Description: The teeth are large and robust with serrated anterior and posterior margins. The largest tooth is a 72 mm in length but has lost its apex. It is relatively laterally compressed, laterally convex, and medially flat. Anterior serrations extend to the midpoint of the tooth with seven to eight serrations every five millimeters. Posterior serrations may reach the tooth base with eleven serrations every five millimeter span. Serration count, tooth morphology, and size approach Tarbosaurus .
Another tooth is relatively thickly rounded and elliptical in cross-section. The anterior and posterior serrations are asymmetrical, as on the anterior margin they occur more proximomedially and on the posterior margin occur more distomedially. The serrations reach the base of the crown on both sides. Because the serrations are asymmetrical this tooth is undoubtedly a third right premaxillary tooth.
There is only a single platycoelous dorsal vertebra which is medially constricted with shallow pleurocoels and resembles that of a large theropod.
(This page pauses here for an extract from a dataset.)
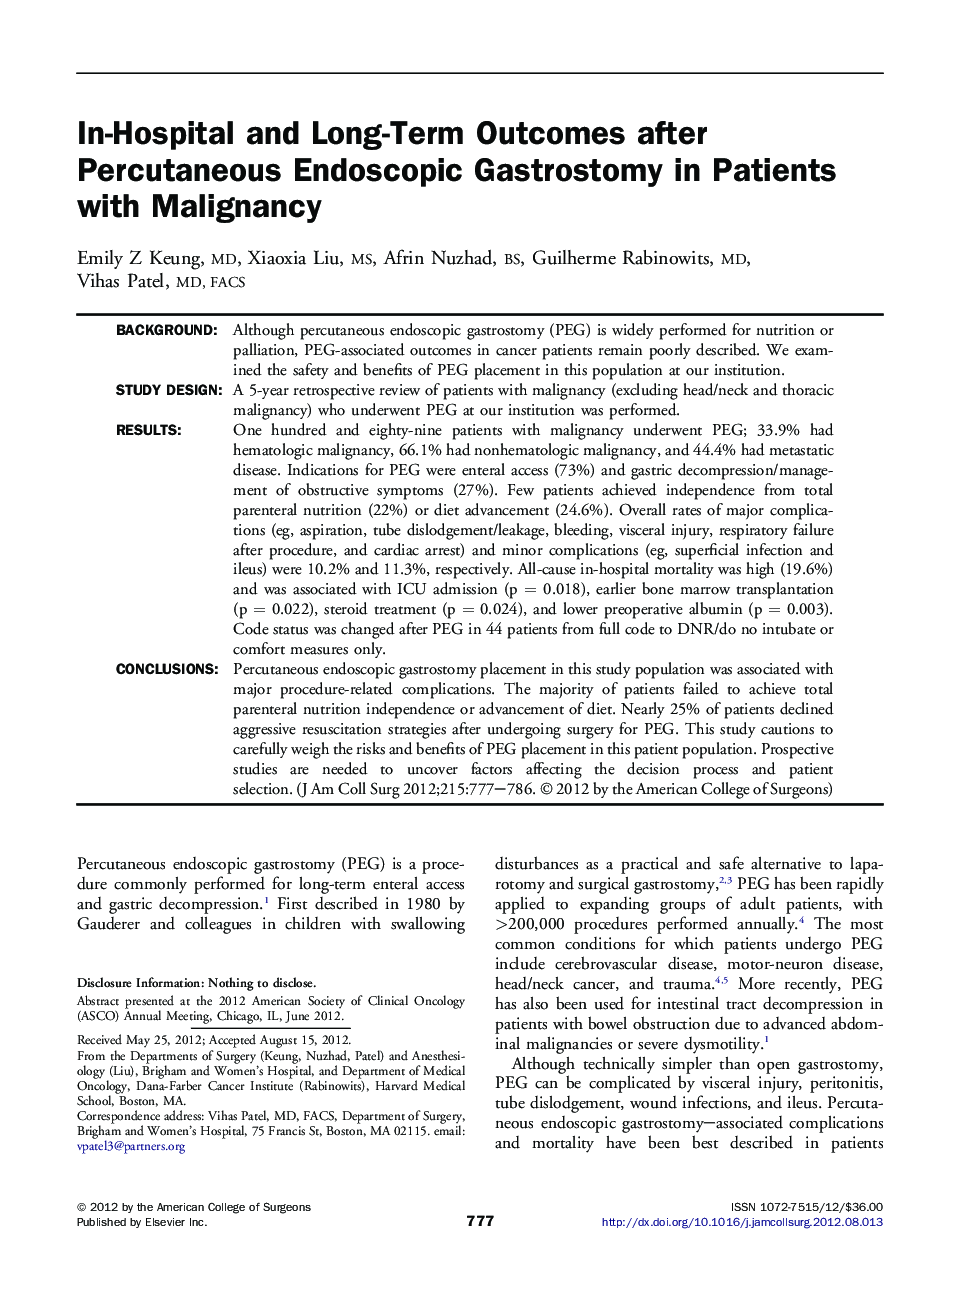 In-Hospital and Long-Term Outcomes after Percutaneous Endoscopic Gastrostomy in Patients with Malignancy

Discussion: Coelurosaur specimens were described by Young (1962) from the Nanxiong Basin, although theropods are currently rare. The specimens described above undoubtedly represent a large carnosaur species with characters leading to the diagnosis of the family Tyrannosauridae . The Nanxiong teeth are smaller than Tyrannosaurus from the Lance Fm. of North America and cf. T. rex from the Wangshi Group, of Shandong Province. Lateral compression, size, and condition of serrations approach Tarbosaurus from the Late Cretaceous of Mongolia. Thus, the Nanxiong specimens are provisionally assigned to this genus based upon their morphology and biogeography.